Legacy Project Homepage

Legacy Project's 7-Generation GTB work

7-Generation GTB


This is y/our Legacy Project – the Legacy Project of our time. 7-Generation GTB is empowering people (generations) in place (bioregion) to #ChangeTheStory for resilience and regeneration. This is systems strategy that's glocal (local: Greater Tkaronto Bioregion to global: Bioregional Earth) in the time frame of lifetimes across generations.

Note: Register to view session recordings from the 7-Generation Bioregional Earth Summit that birthed the story of Bioregional Earth. You can also view a summary video from the Summit.

If you're a member of the public interested in getting involved in 7-Generation GTB, find out how.

In a time of unravelling and uncertainty, 7-Generation GTB (Greater Tkaronto Bioregion) is about social regeneration (generations in community) and ecological regeneration (community in bioregion).

This work, rooted in both intergenerational and bioregional dynamics, ripples out through Circles of Activity as we create parallel structures and processes across silos in the context of a long-term vision drawing on both Western science and Indigenous knowledge.

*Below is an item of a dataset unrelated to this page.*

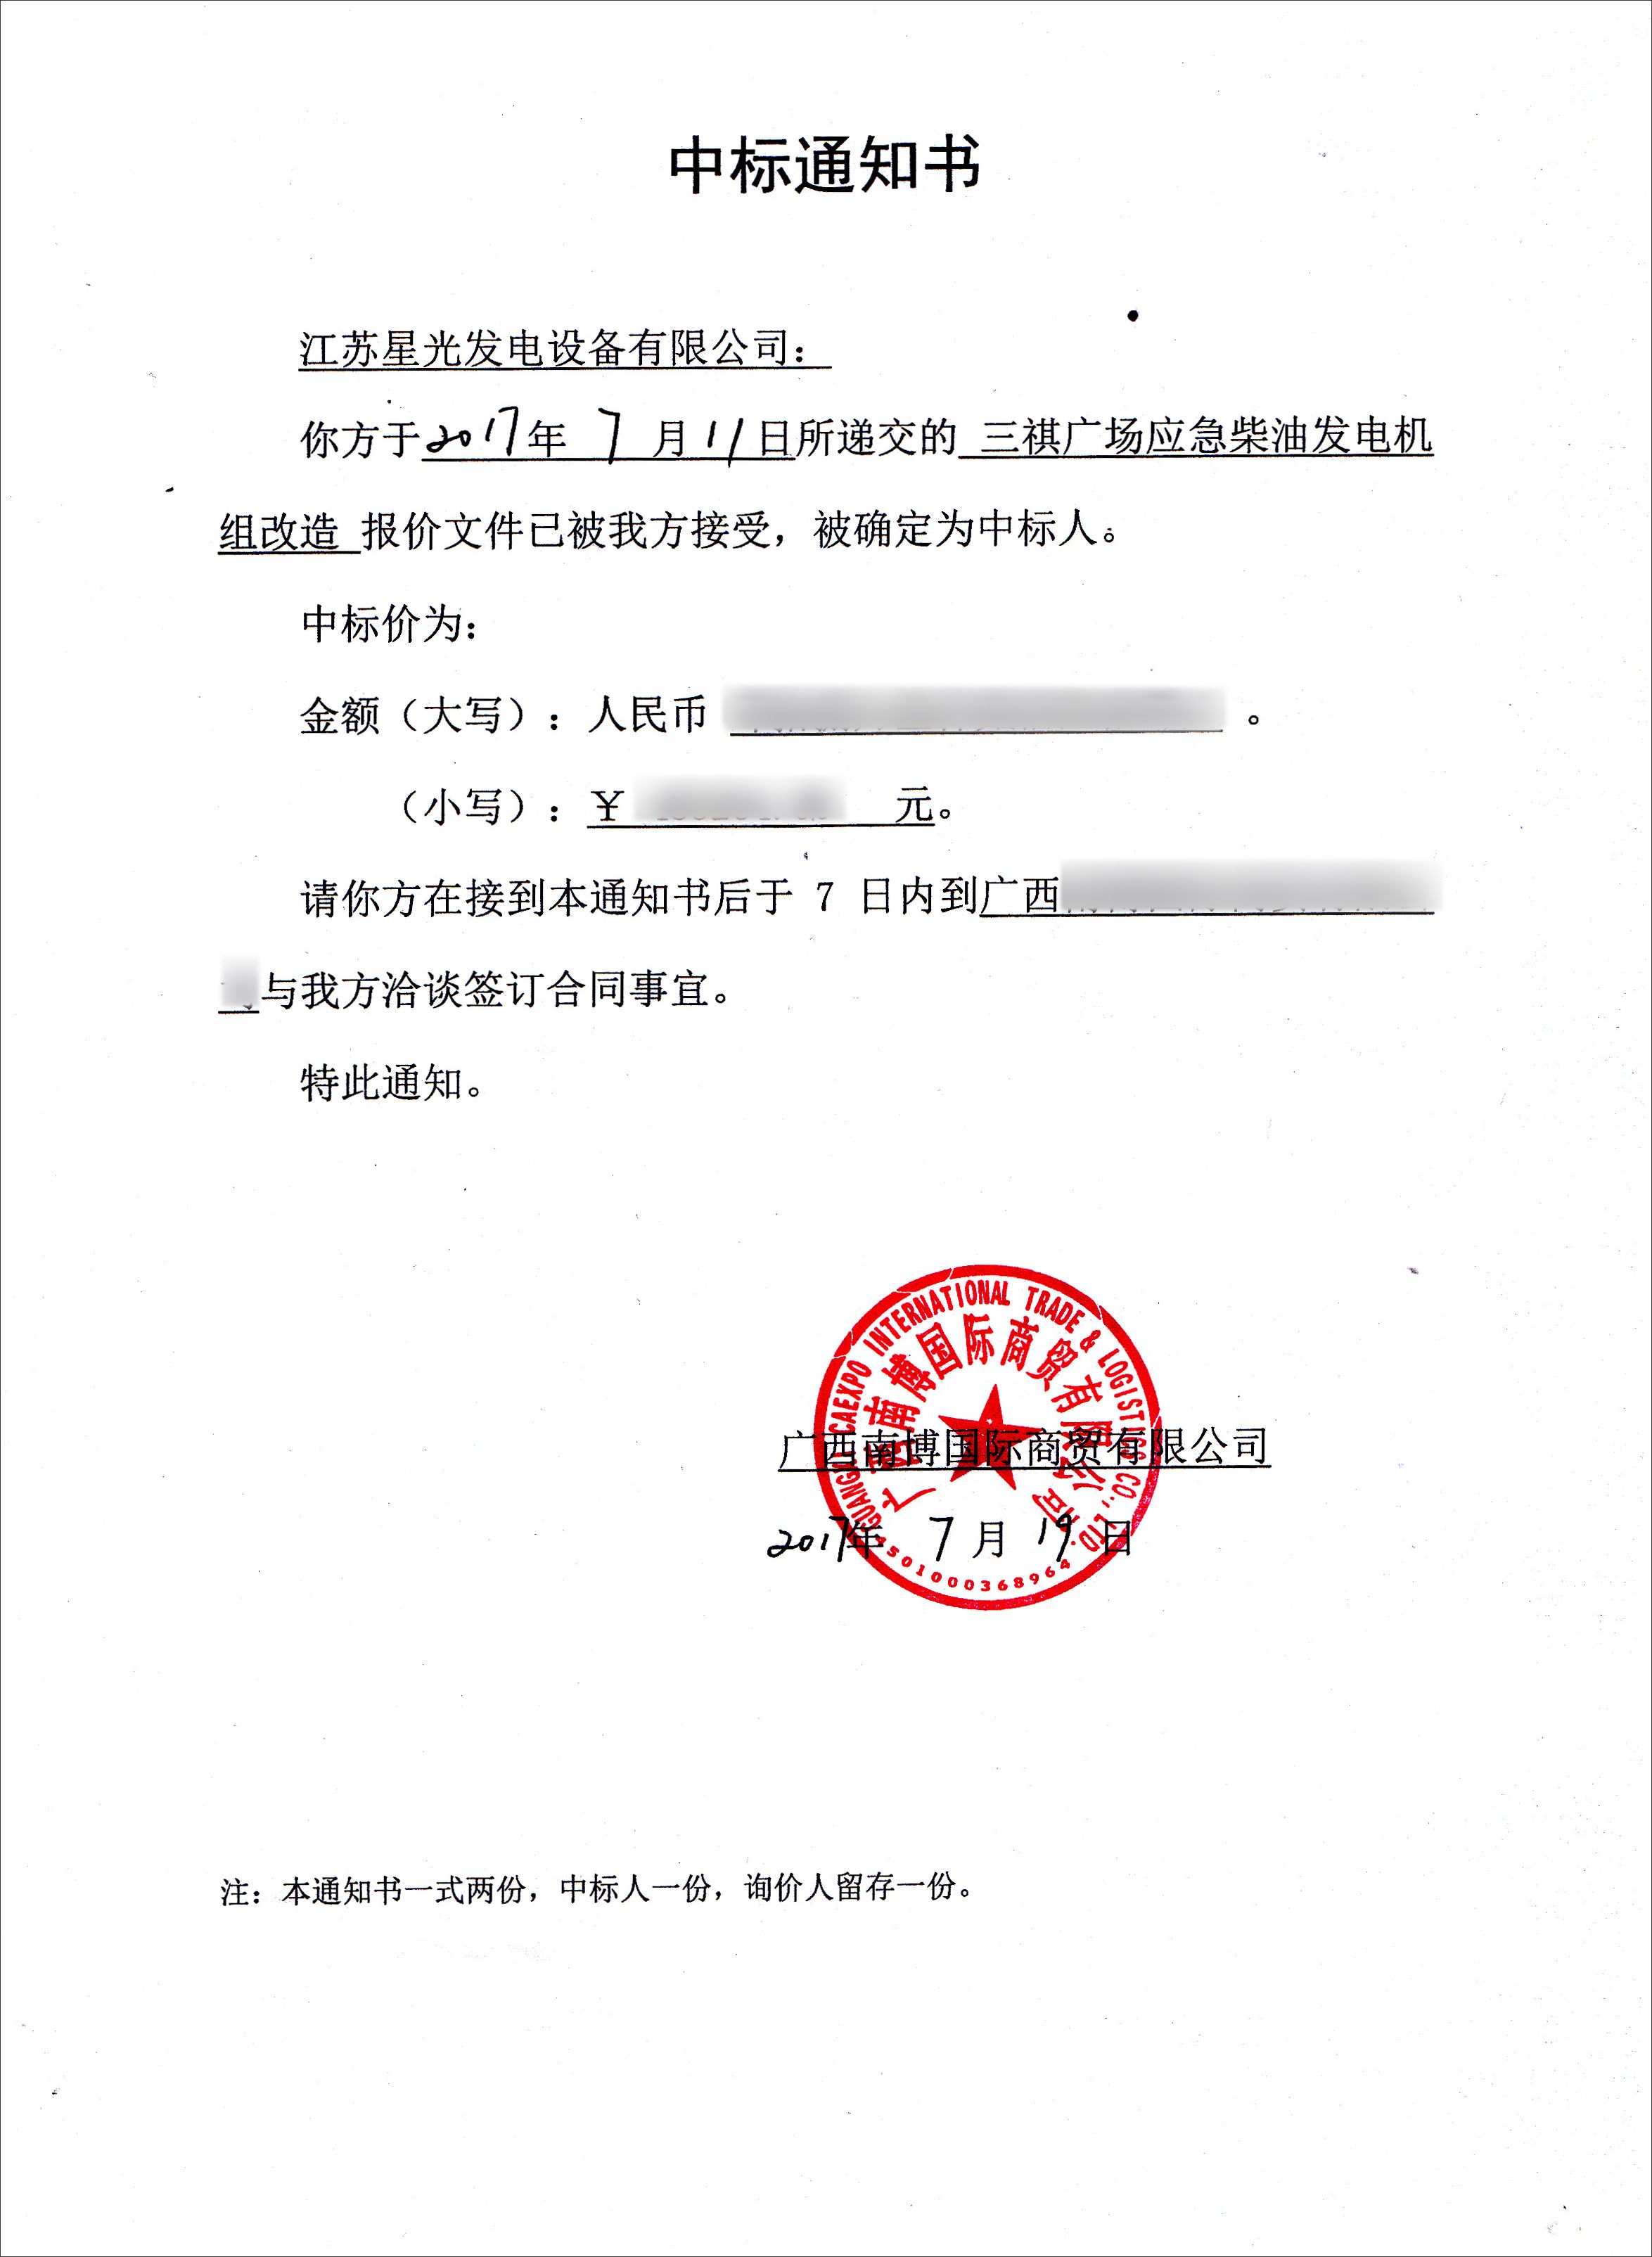 三祺广场应急柴油发电机组改造项目中标通知书

Following on the legacy of David Crombie's 1992 Regeneration report, the GTB can both lead and learn from other bioregions around the world. We're connecting with Joe Brewer's work in Barichara, Colombia – a north/south learning opportunity – and the Design School for Regenerating Earth to live into the powerful story of Bioregional Earth (BE).

Once upon a time… as the world was in crisis, generations came together, grounded by the land, to #ChangeTheStory…


This is the difficult yet vital systems complexity work of our time.
The blunt fact is that we're in a polycrisisconverging climate, environmental, economic, political, technological, social, health crises. We can't stay in an isolated room at a white board using a simplistic, straight-line problem/solution mindset and ignore the messy, complex reality just outside the door.

From the Intergovernmental Science-Policy Platform on Biodiversity and Ecosystem Services (2019): "We require transformative change – a fundamental, system-wide reorganization across technological, economic and social factors, including paradigms, goals, and values."
Crossing Planetary Boundaries, image © Azote for Stockholm Resilience Centre, based on analysis in Richardson et al 2023
We've crossed six of the nine Planetary Boundaries. Explained one scientist, "Mother Earth has given us nine planetary credit cards to assist in our development. We've charged six of those nine credit cards to the hilt, and are pushing the credit limit on two others… Mother Nature abides by the laws of physics, and defaulting on just one of the loans we've taken out could be catastrophic."

Cascades We're working with visual storyteller Patricia Kambitsch as we tell the story of 7-Generation GTB and Bioregional Earth. This image highlights the Planetary Boundaries. Can we strategically connect people and place to create the design pathway to regenerate the Earth – to counter collapse cascades with cascades of resiliency? From an Indigenous perspective, this means getting back into right relationship (with the land and all living things) within Natural Law.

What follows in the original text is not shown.